To the executives and overachieving workforce, she said, “I have no words right now, but I know I need to show up and keep the faith.” She described how in the midst of the chaos she was in, she could trust herself and the community and keep going. Her strength, her tears, her faithfulness were the living embodiment of how we can live into this deep and abiding peace. She was the truth that when we can walk and live in peace, we can have a clearer memory, more strength, and the freedom to weep. There was such grace and truth in her witness, that the executives sitting in that room wept with her. They recognized themselves in her, and she showed them how in the midst of life that can be unfair, hard, and frightening, peace can give us courage. She, like Magdalene herself, invites us to the truth of peace, the strength of peace, and the freedom of peace, even if we don’t understand it.
Today is the day to proclaim peace as a statement of faith. We don’t have to wait for the mountaintop. We can proclaim it in the valley. We don’t have to wait to proclaim it in the courtroom. We can proclaim it on the streets. We don’t have to wait until the paths are straight. We can proclaim meandering it in the desert.

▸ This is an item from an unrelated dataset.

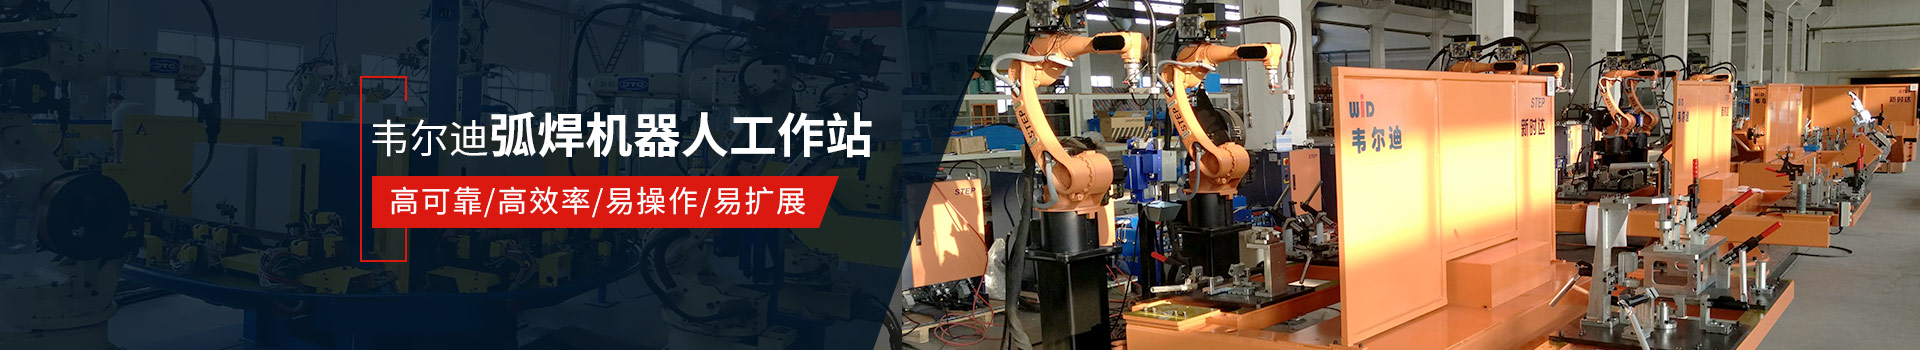 韦尔迪弧焊机器人工作站易操作、高效率
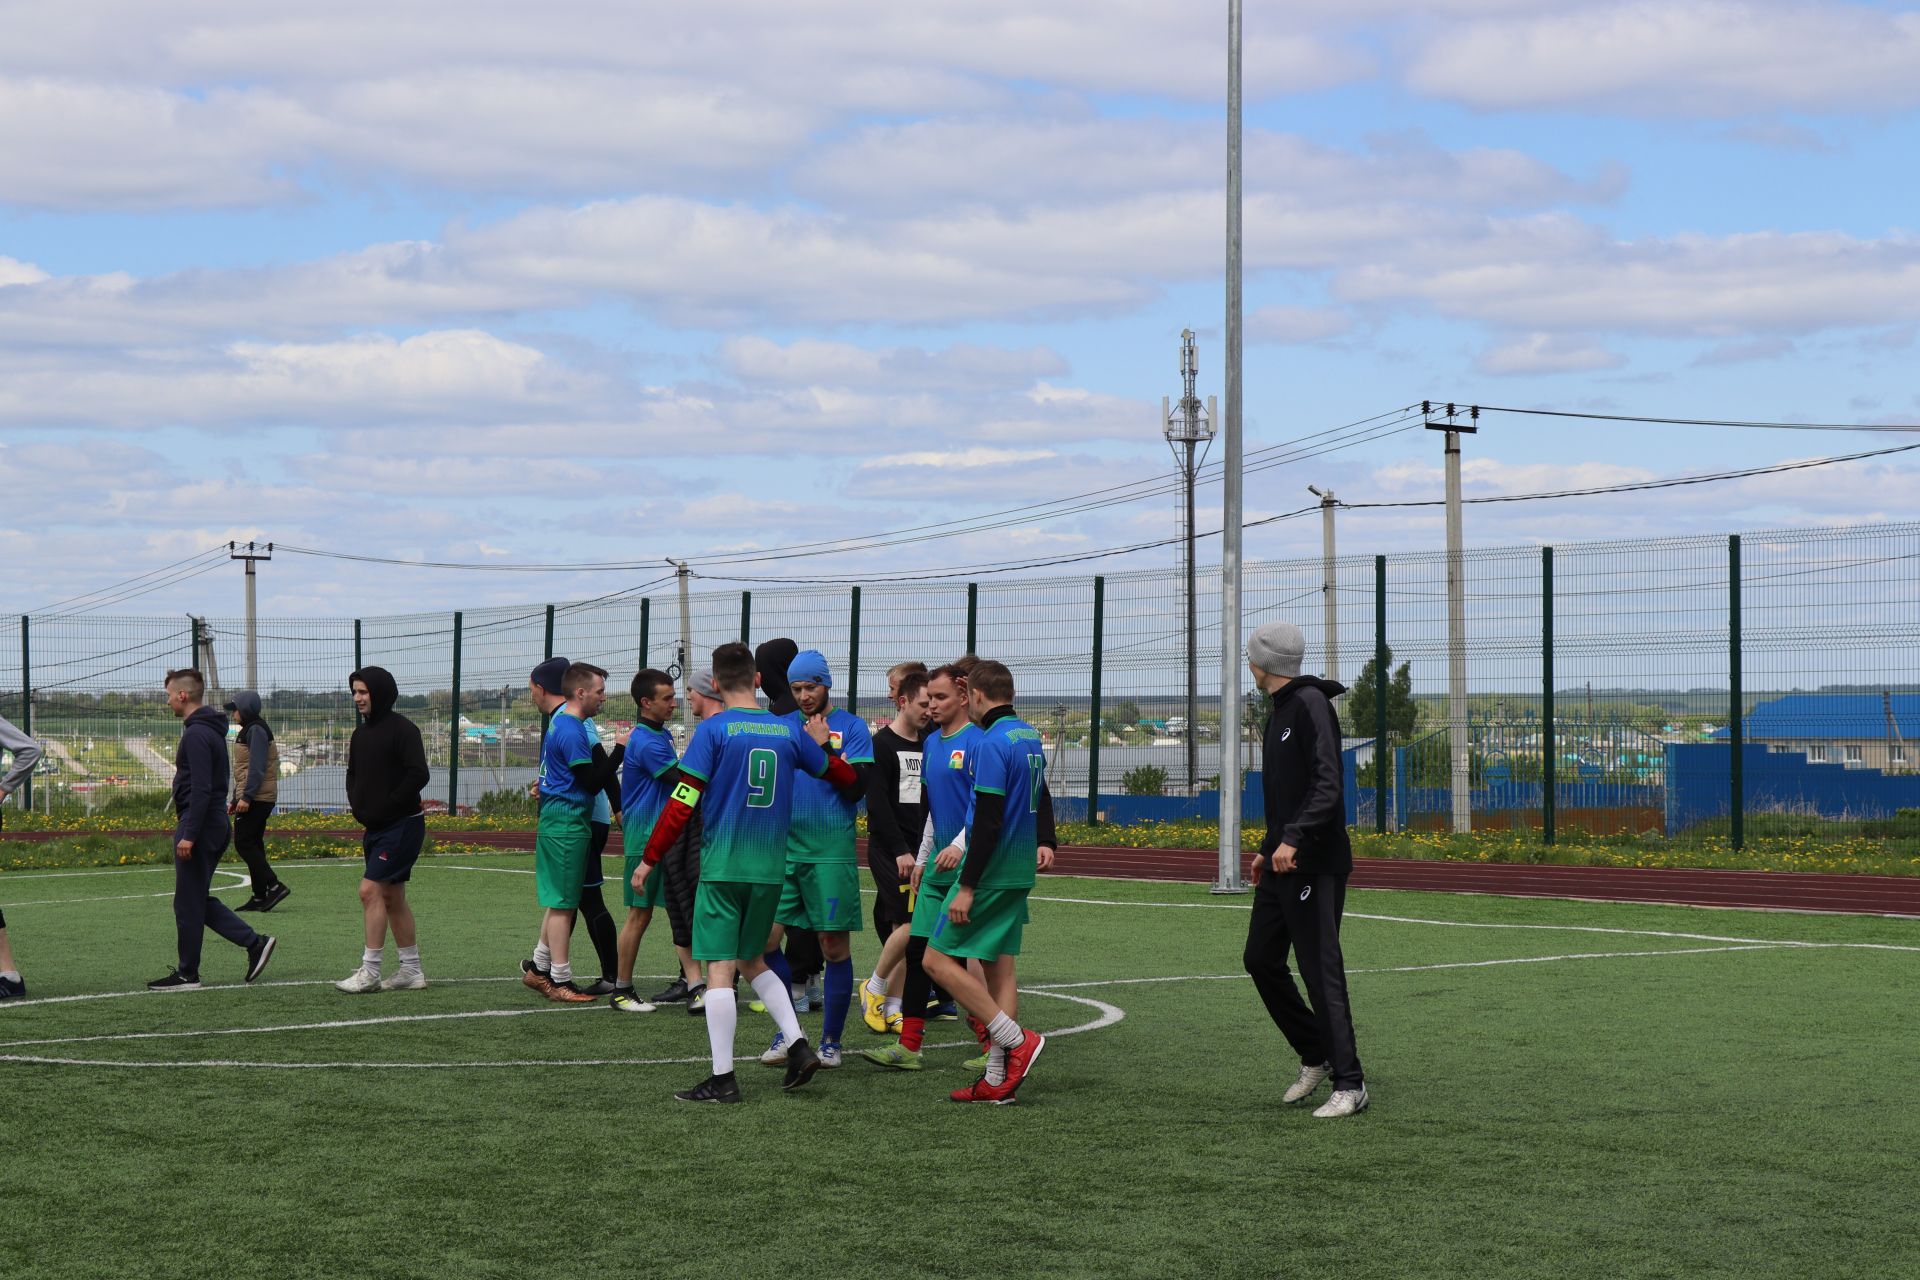 Традиционный открытый районный турнир по мини-футболу памяти Марата Салахова на Дрожжановской земле состоялся

That peace, offered by the Prince of Peace, even in the face of trauma, broken hearts, and shattered baptismal bowls, is enough to keep us going. We are sons and daughters of peace. Peace has been etched on prayer cloths for centuries across the world and in our hearts. We are surrounded by peace and given it as the first sign of the Holy Spirit who breathes it into us. That is the ancient hope that carries us to love. The Easter story preaches to each of us that when we keep believing in peace, it carries us beyond grief. The stone has rolled, the shroud has fallen and we are free. We can proclaim peace with all those we love who have died and live on in love and the memory of God. Peace carries us through the wilderness to the garden. All we grieve is still a part of us and all our hopes are not in vain. It’s not hard to imagine Magdalene, graduates of Thistle Farms, you, me, or a young man that smashes a primal element in the sanctuary—searching for peace with such longing that we search for life in a tomb. With just a glimpse of love’s fragile truth we can proclaim peace in the shadow of our crosses and live into the hope fashioned on the first morning of creation. We can be at peace in the truth that love lives. Such deep peace allows us to make our song at our own Easter morning, “Alleluia, Alleluia, Alleluia.”